I've been reading How To Prove It second edition by Daniel J. Velleman, and I've encountered an end-of-subsection exercise I can't answer. On page 286, exercise 10 of subsection 6.3 states:
"Find a formula for $\sum_{i=1}^{n} (i \cdot(i!))$ and prove that your formula is correct."
By "formula," it's talking about something similar to $\sum_{i=1}^{n} i = n(n+1)/2$, i.e. a formula with few operations for fast calculations of recursive summations with large $n$.
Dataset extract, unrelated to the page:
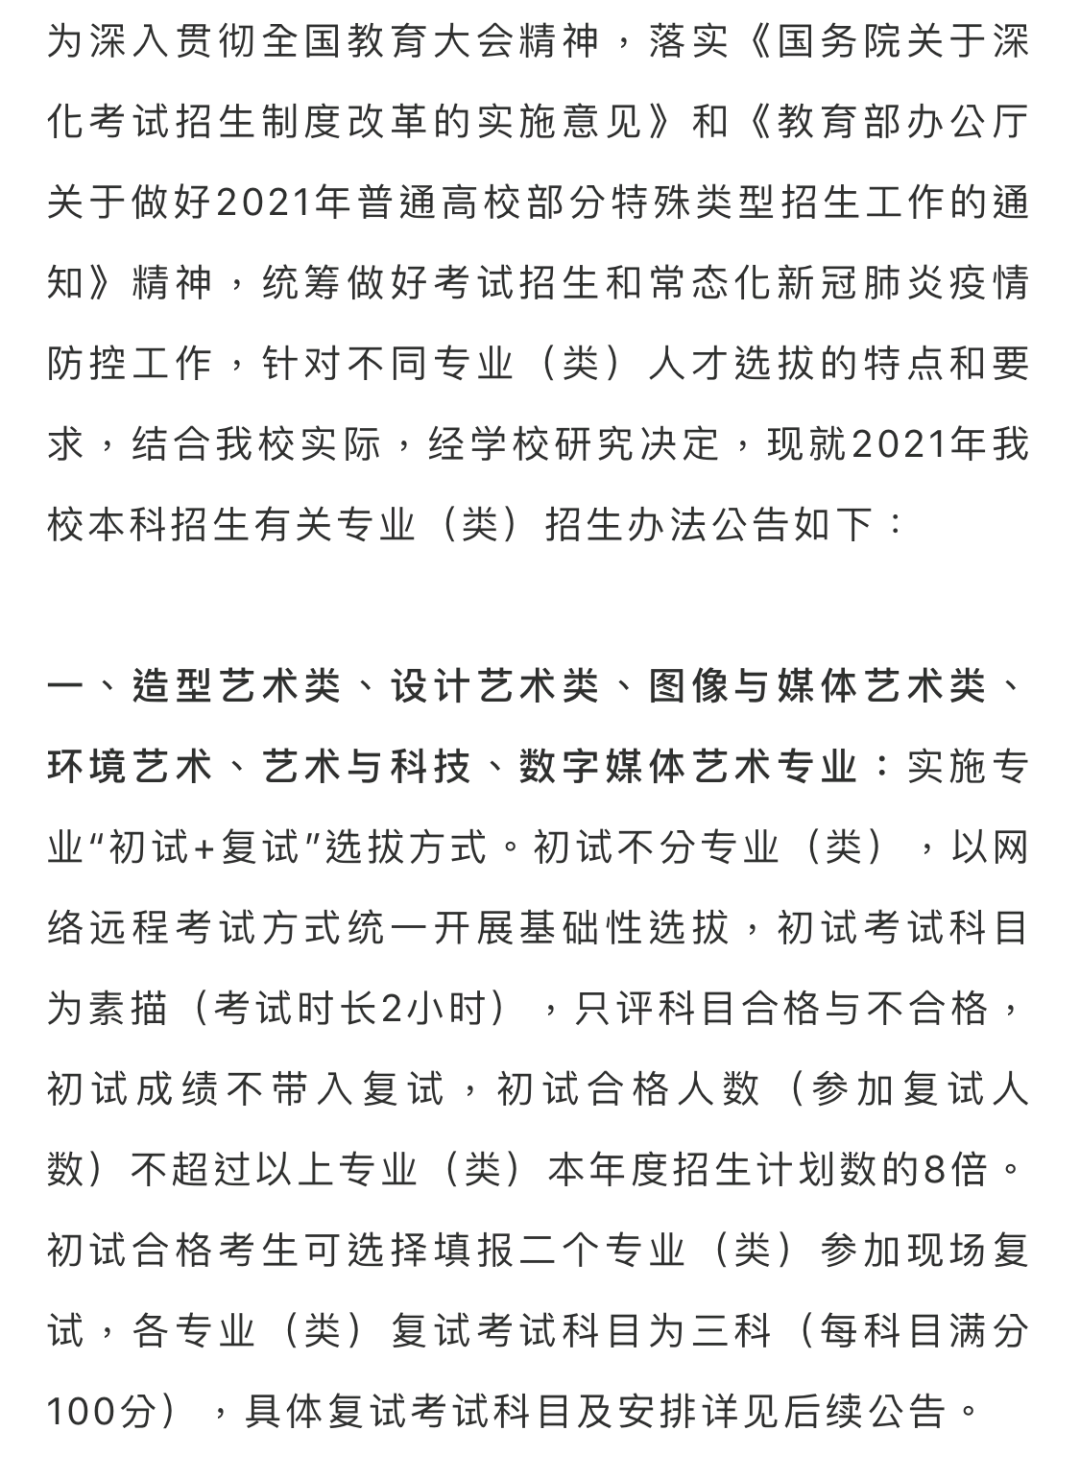 重要资讯｜中国美术学院2021年本科招生办法公告(二)

If I know what the formula is, I can probably figure out the proof by induction for myself, but I can't work out a hypothetical formula that works for the first five values of $n$. Here's the first few values:
$n \qquad \sum_{i=1}^{n} (i \cdot(i!))$
$1 \qquad\, 1$
$2 \qquad\, 5$
$3 \qquad\, 23$
$4 \qquad\, 119$
$5 \qquad\, 719$
Any ideas?
The formula you are looking for is $$(n+1)!-1$$ I noticed the following pattern: $$n=1: (1+1)!-1=(2)!-1=2-1=1$$ $$n=2: (2+1)!-1=(3)!-1=6-1=5$$ $$\vdots$$ $$n=5: (5+1)!-1=(6)!-1=720-1=719$$ I hope you can complete the proof from here.